### YOUR ASSIGNMENT
Every line of the data should be written out exactly, with the pictures left out.

### MATERIAL PROVIDED
--*--
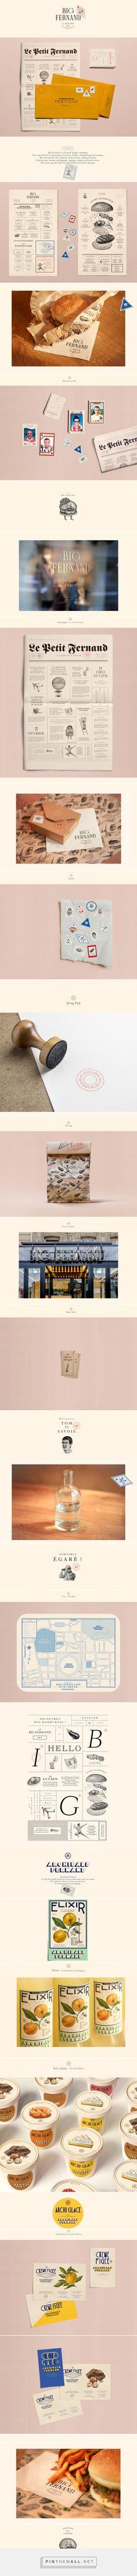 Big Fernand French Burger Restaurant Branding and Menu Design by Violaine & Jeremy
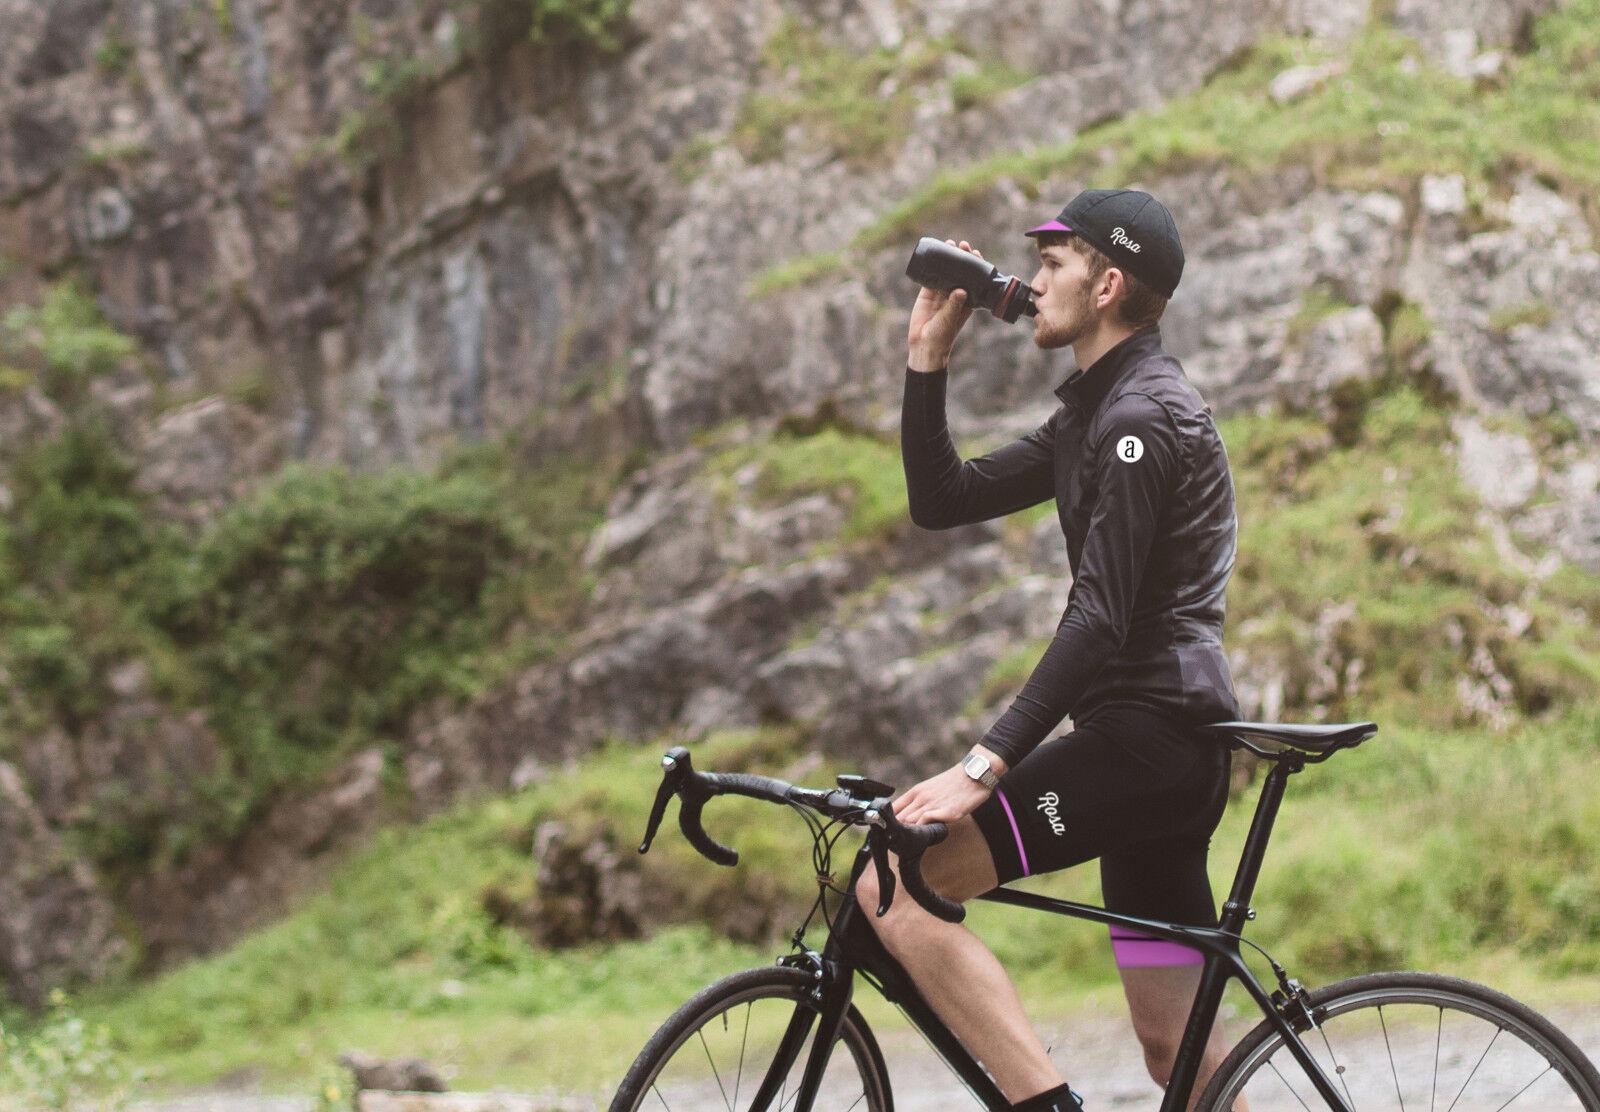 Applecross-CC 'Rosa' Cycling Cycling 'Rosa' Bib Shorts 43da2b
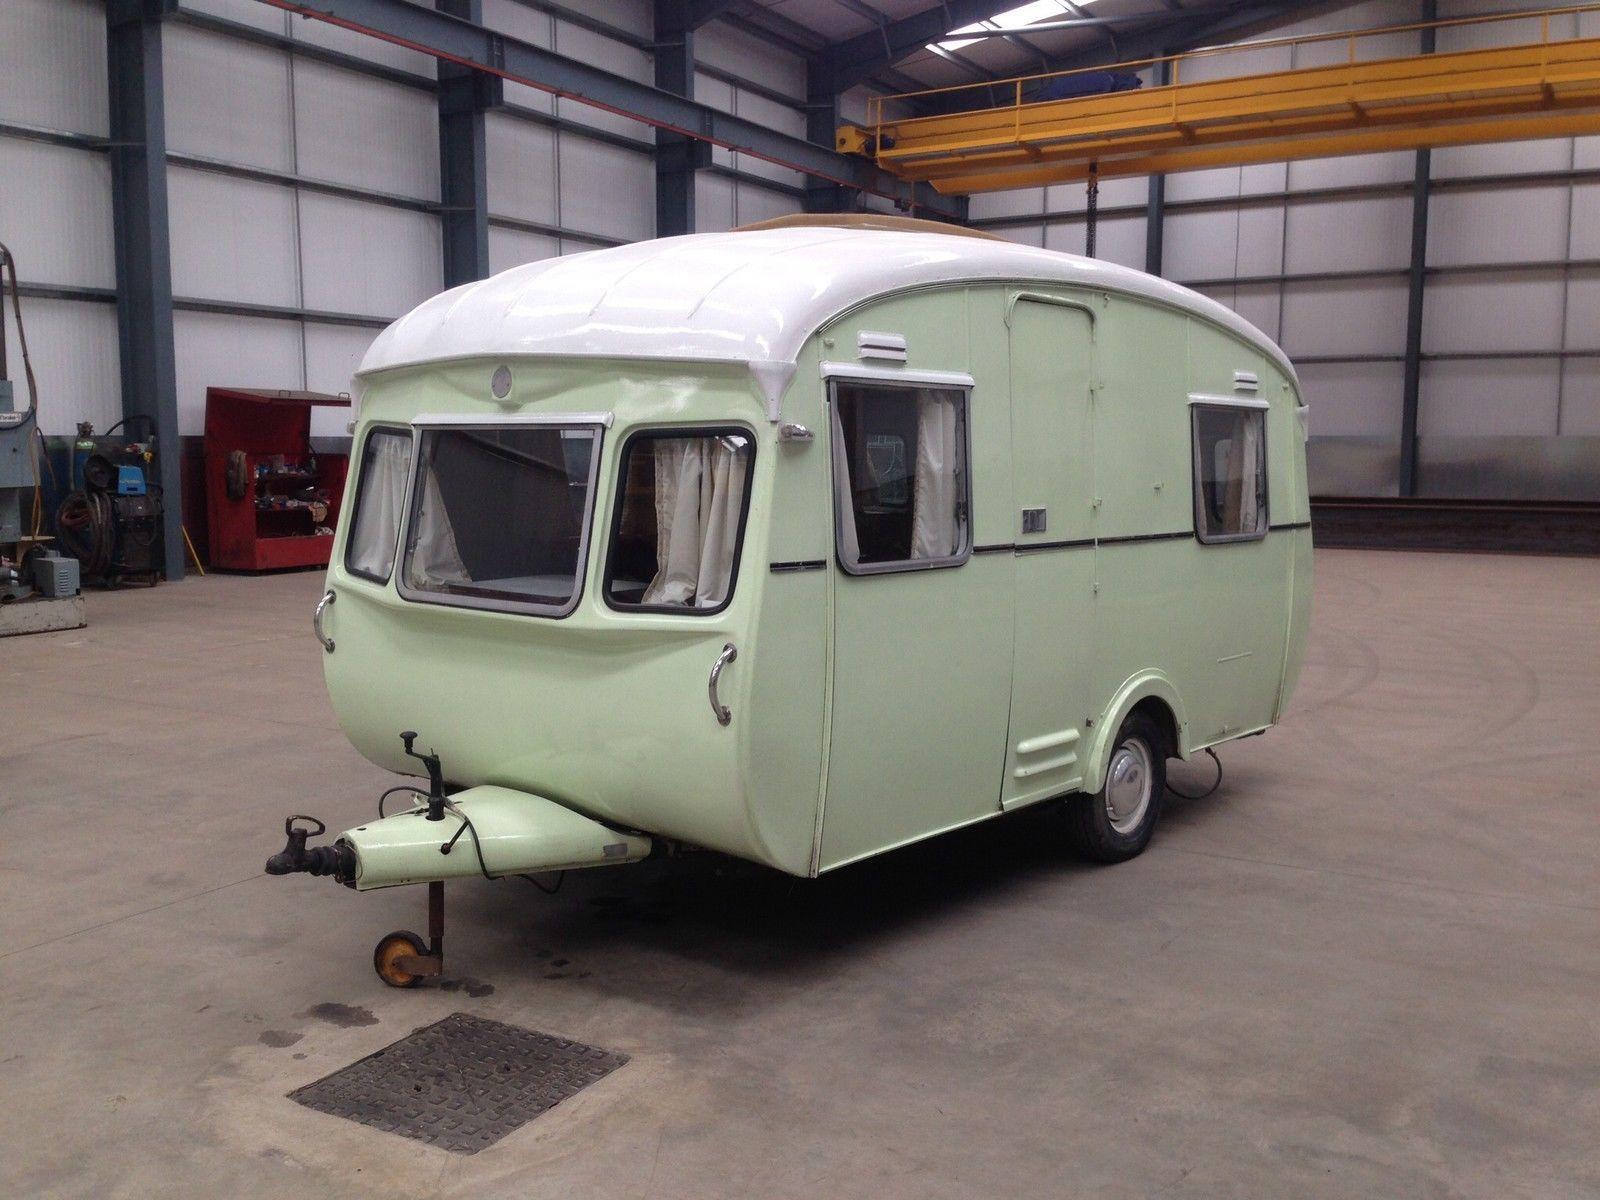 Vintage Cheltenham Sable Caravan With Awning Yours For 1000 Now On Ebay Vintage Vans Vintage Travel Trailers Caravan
--*--
### RESPONSE TO THE TASK
 Big Fernand French Burger Restaurant Branding and Menu Design by Violaine & Jeremy
 Applecross-CC 'Rosa' Cycling Cycling 'Rosa' Bib Shorts 43da2b
 Vintage Cheltenham Sable Caravan With Awning Yours For 1000 Now On Ebay Vintage Vans Vintage Travel Trailers Caravan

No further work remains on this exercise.